Das mag alles verbittert klingen. Und natürlich erscheint es auf den ersten Blick selbstverständlich, dass die BWG ihre eigenen Kandidaten in Position bringen will. Aber für mich ist es schlichtweg nicht akzeptabel, mit einem derart ausgeprägten Machtanspruch alles Erreichbare an sich reißen zu wollen und nicht im Ansatz dem Wählerwillen zu folgen, um so für deutlich ausgeglichenere Verhältnisse zu sorgen. Das ist sehr traurig, ein Stück weit auch bedenklich. Zumal es doch mit der fachlichen Kompetenz der Gemeindevertreter ausschließlich um das Wohl unserer Gemeinde und nicht um Klüngeleien gehen sollte. Ich hoffe inständig, dass dies nichts an der eigentlich inhaltlichen Arbeit ändert, die jetzt ansteht.

 

Die künftige Gemeindevertretung inklusive Ausschüssen und Delegierten sieht wie folgt aus:

Bürgermeisterin: Annemarie Homan-Trieps (BWG-nominiert)

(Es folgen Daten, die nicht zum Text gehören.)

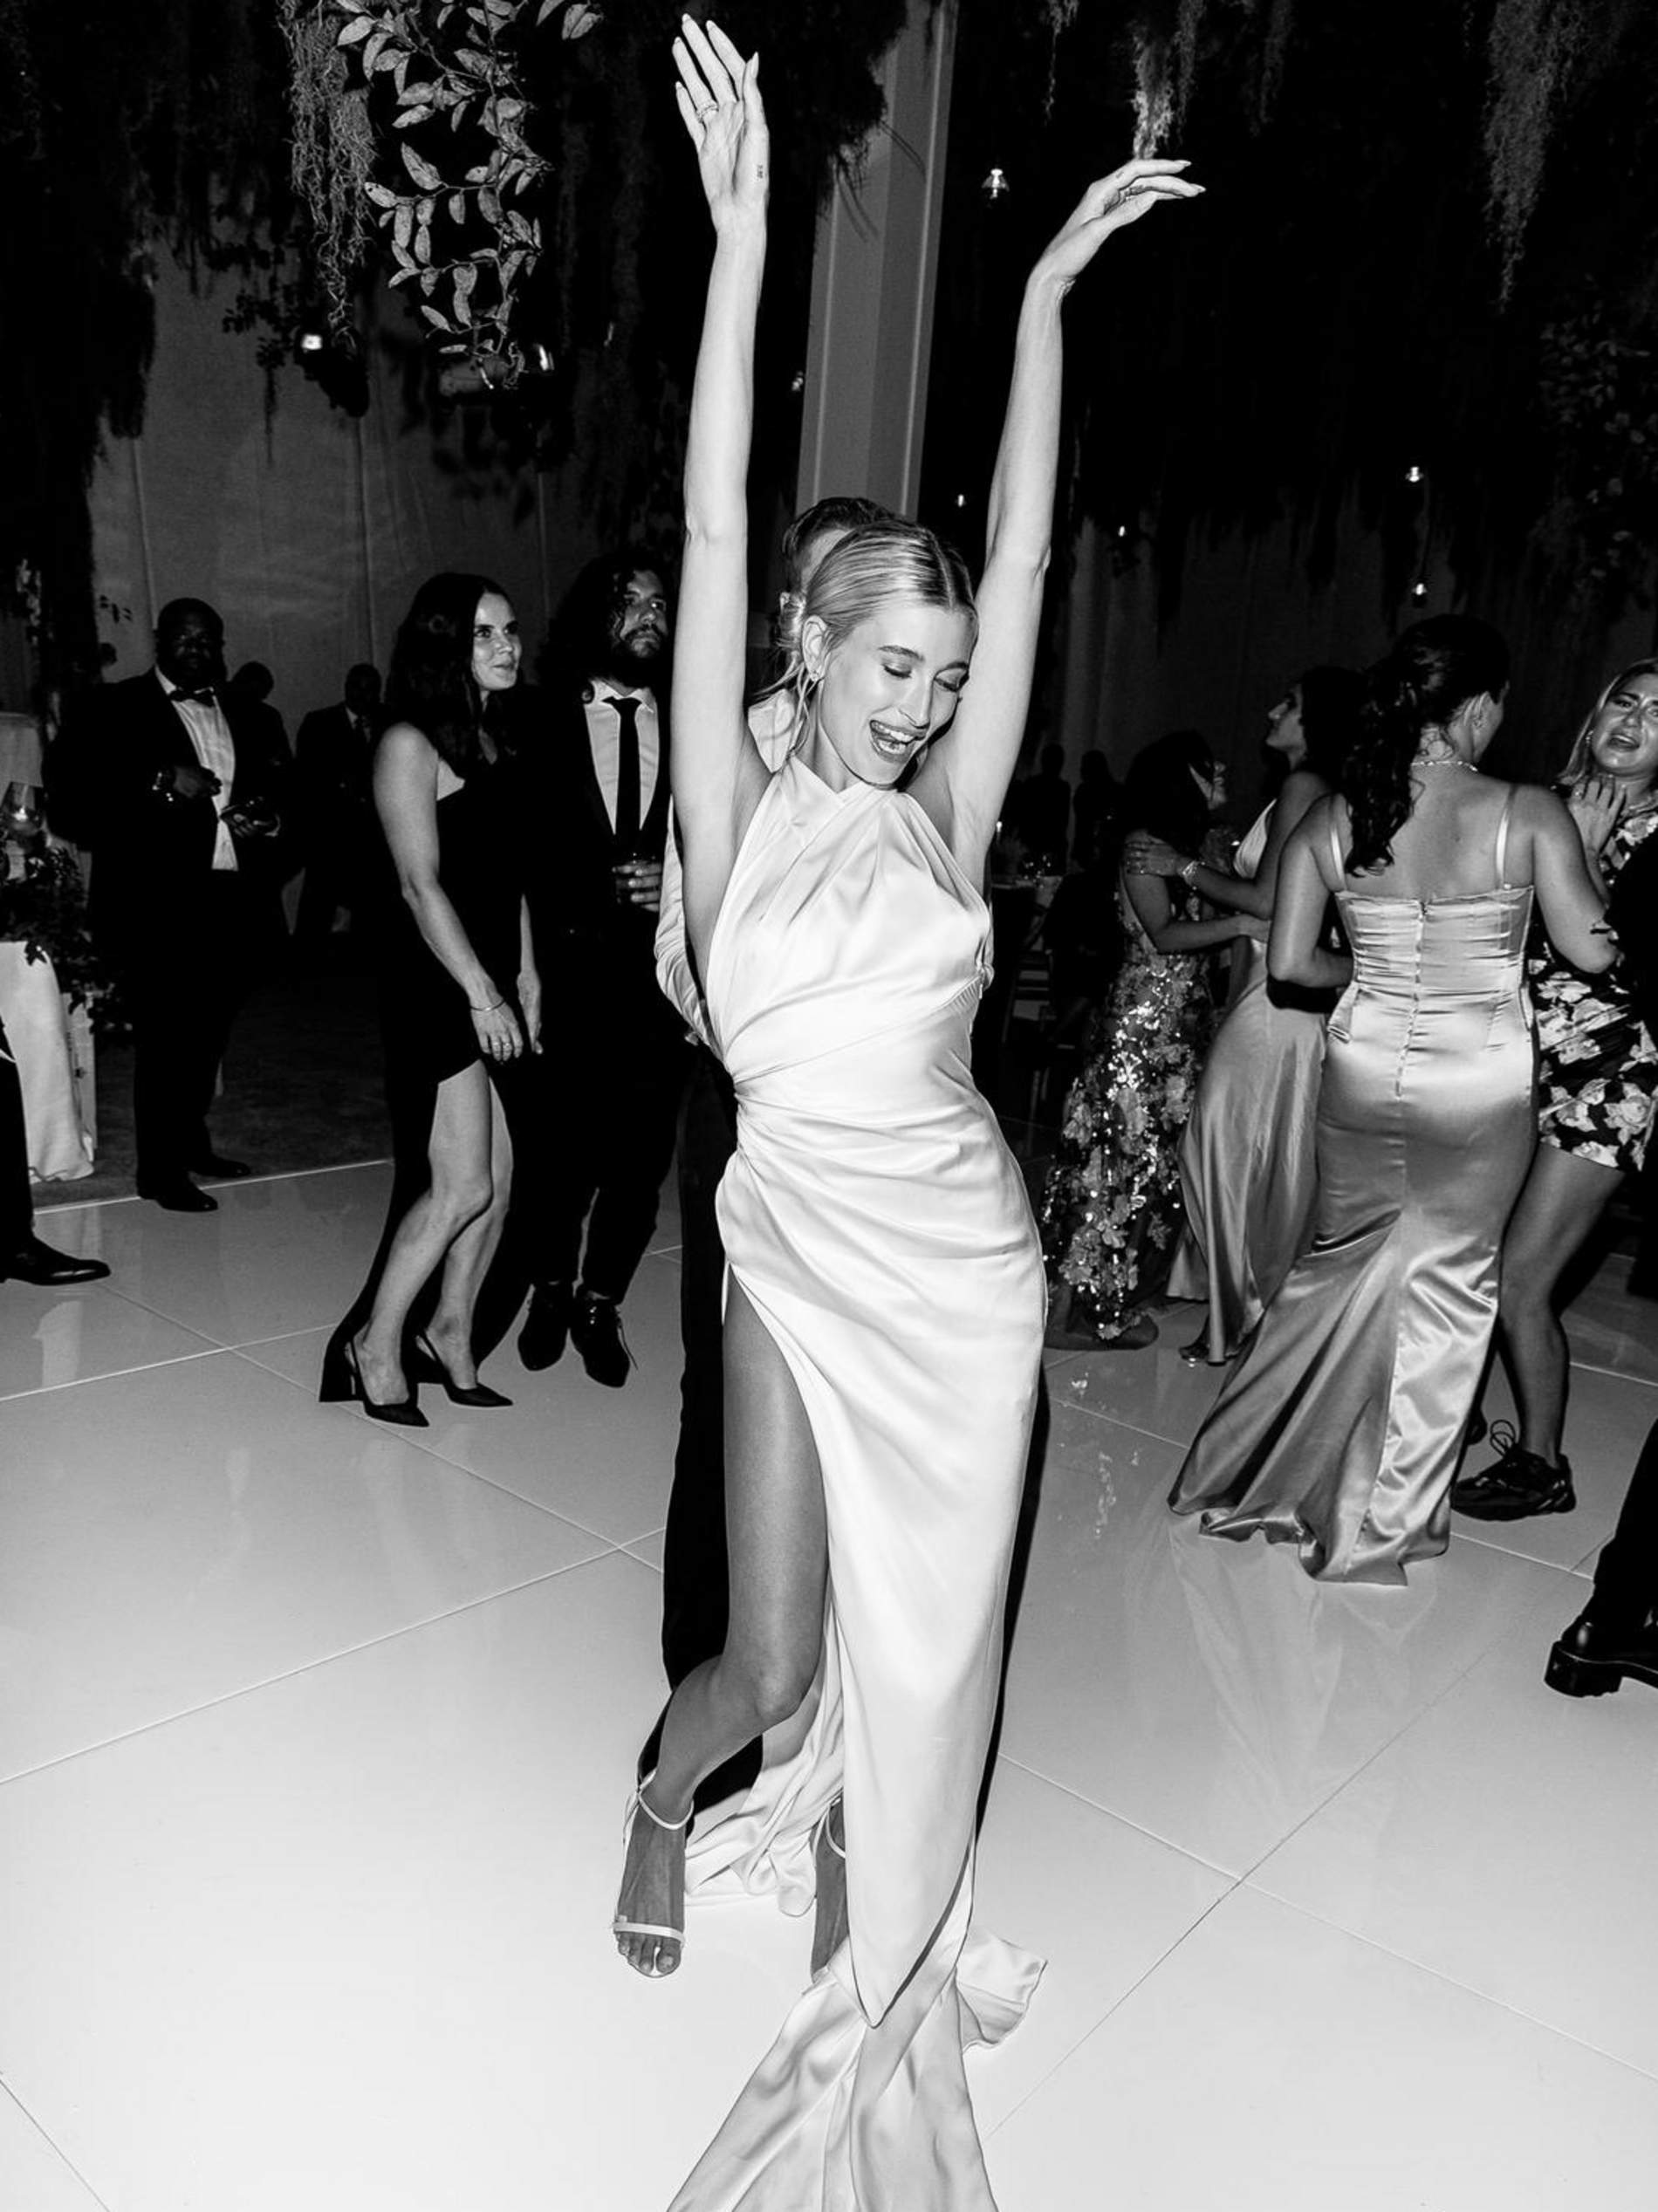 Best Celebrity Wedding Dresses From Meghan Markle To Jackie

1. stellvertretender Bürgermeister: Steffen Pittelkow (BWG)
2. stellvertretender Bürgermeister: Thomas Böttiger (BWG)

Hauptausschuss:
Steffen Pittelkow (BWG)
Thomas Böttiger (BWG)
Marcel Rein (BWG)
Volker Venohr

Ausschuss für Schule, Jugend, Kultur, Sport und Soziales:
Kathi Krtschil (BWG)
Thomas Böttiger (BWG)
Axel Bremer
Kristian Karlisch (CDU)
Alexander Balow

Sachkundige Bürger:
Hartmuth Haase (BWG)
Dirk Wolter

Ausschuss für Gemeindeentwicklung, Bau, Verkehr und Umwelt:
Volker Venohr
Wolfgang Höfer (SPD)
Steffen Pittelkow (BWG)
Andreas Groß (BWG)
Marcel Rein (BWG)

Sachkundige Bürger:
Sven Kutschera
Malte Seeger (BWG)
Hartmut Gaul
Herr Heise

Amtsausschuss:
Steffen Pittelkow (BWG)
Thomas Böttiger (BWG)

Vertreter im Zweckverband:
Marcel Rein (BWG)
Wolfgang Höfer (SPD)

Vertreter in den Wasser- und Bodenverbänden (3):
Wolfgang Höfer (SPD)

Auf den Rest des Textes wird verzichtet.